Iringi-iringan manusia ini bergerak sejak Jumratul Ula, Jumratul Wustha sampai
Jumratul Aqabah.
Kelihatan jutaan tangan terangkat
dan batu-batu kecil berhamburan, sementara angkasa Mina bergemuruh dengan suara
takbir. Dalam lautan manusia yang begitu dahsyat, tangan-tangan pelempar tampak
begitu kecil, tetapi dalam gerakan serentak, tangan-tangan kecil ini membentuk
konfigurasi kekuatan raksasa yang menabjubkan, suatu kesatuan ummah yang
berpadu dalam akidah dan ibadah.
Tidak jauh dari Mina, terletak
Arafah, suatu padang pasir yang membentang lenggang sepi dan tanpa warna,
selain bukit-bukit batu yang muncul di sana-sini.

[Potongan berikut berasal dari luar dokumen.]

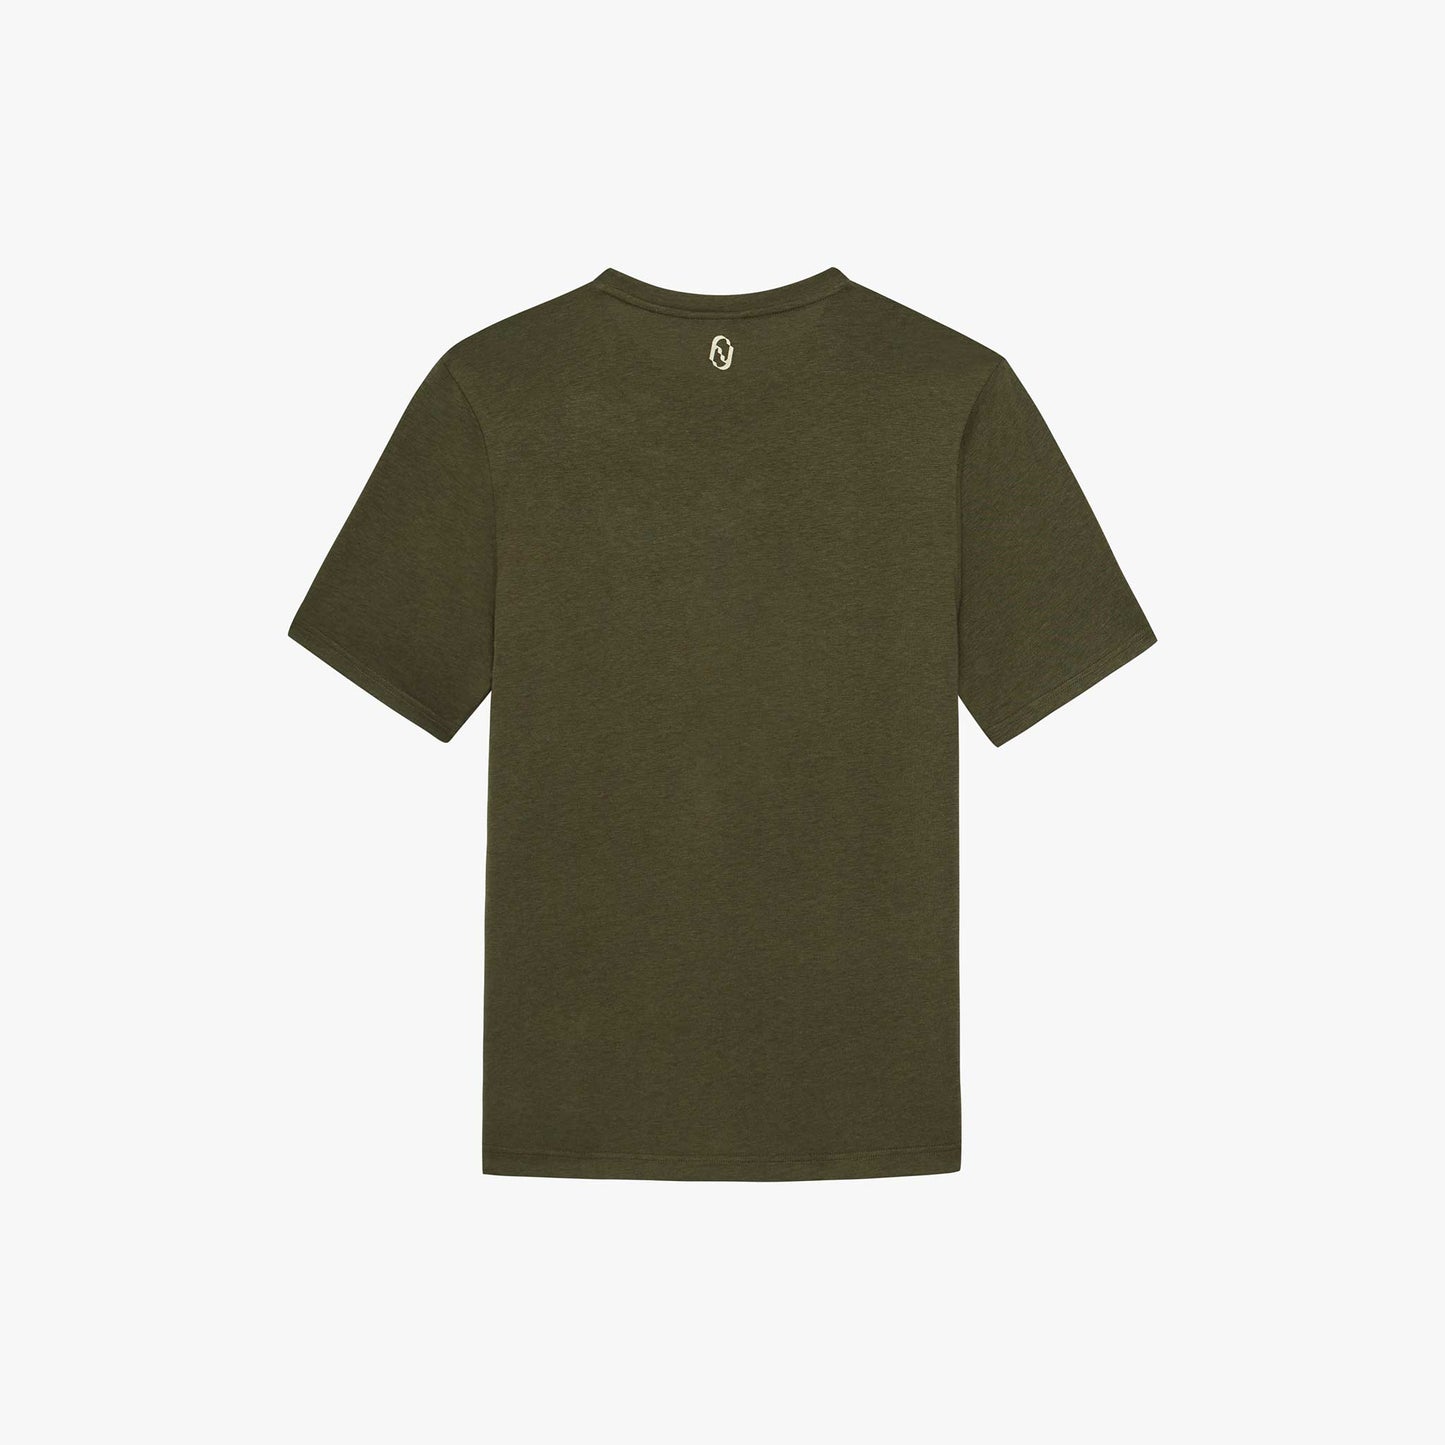 Men's LegacyTech T-Shirt - Khaki - Graphic

Pada 9 Dzulhijah, ketika
mereka berkumpul di sana, Arafah dipenuhi kemah yang beraneka ragam. Hampir
sejuta manusia datang ke situ. Pagi-pagi mereka berkeliaran, sebagian mendaki
Jabal Rahmah mengenang perilaku Nabi Muhammad Shallallahu ‘alaihi wasallam.
Sebagian lain berjalan-jalan sekedar
menyaksikan pesona konferensi umat manusia seluruh dunia. Tetapi, ketika
Matahari mulai tergelincir, azan Zuhur dikumandangkan semua manusia
menghentikan semua kegiatannya selain Tahmid, Tahlil dan Takbir.
Mulut-mulut yang
semula berbicara dengan berbagai bahasa, sekarang bergema dengan ucapan yang
sama. Pada saat itulah, menurut Rasulullah Shallallahu ‘Alaihi Wasallam, Allah
turun ke langit dunia membanggakan
jamaah Haji dihadapan para Malaikat-Nya :
“Hamba-hamba-Ku, dengan rambut kusut dan penuh debu dari sudut-sudut negeri yang
jauh, tiba di sini mengharapkan surga-Ku. Sekiranya dosamu sebanyak bilangan
pasir, atau sejumlah butiran hujan dan gelembung lautan, Aku akan
mengampuninya. Berangkatlah hai hamba-Ku dengan ampunan-Ku atasmu”.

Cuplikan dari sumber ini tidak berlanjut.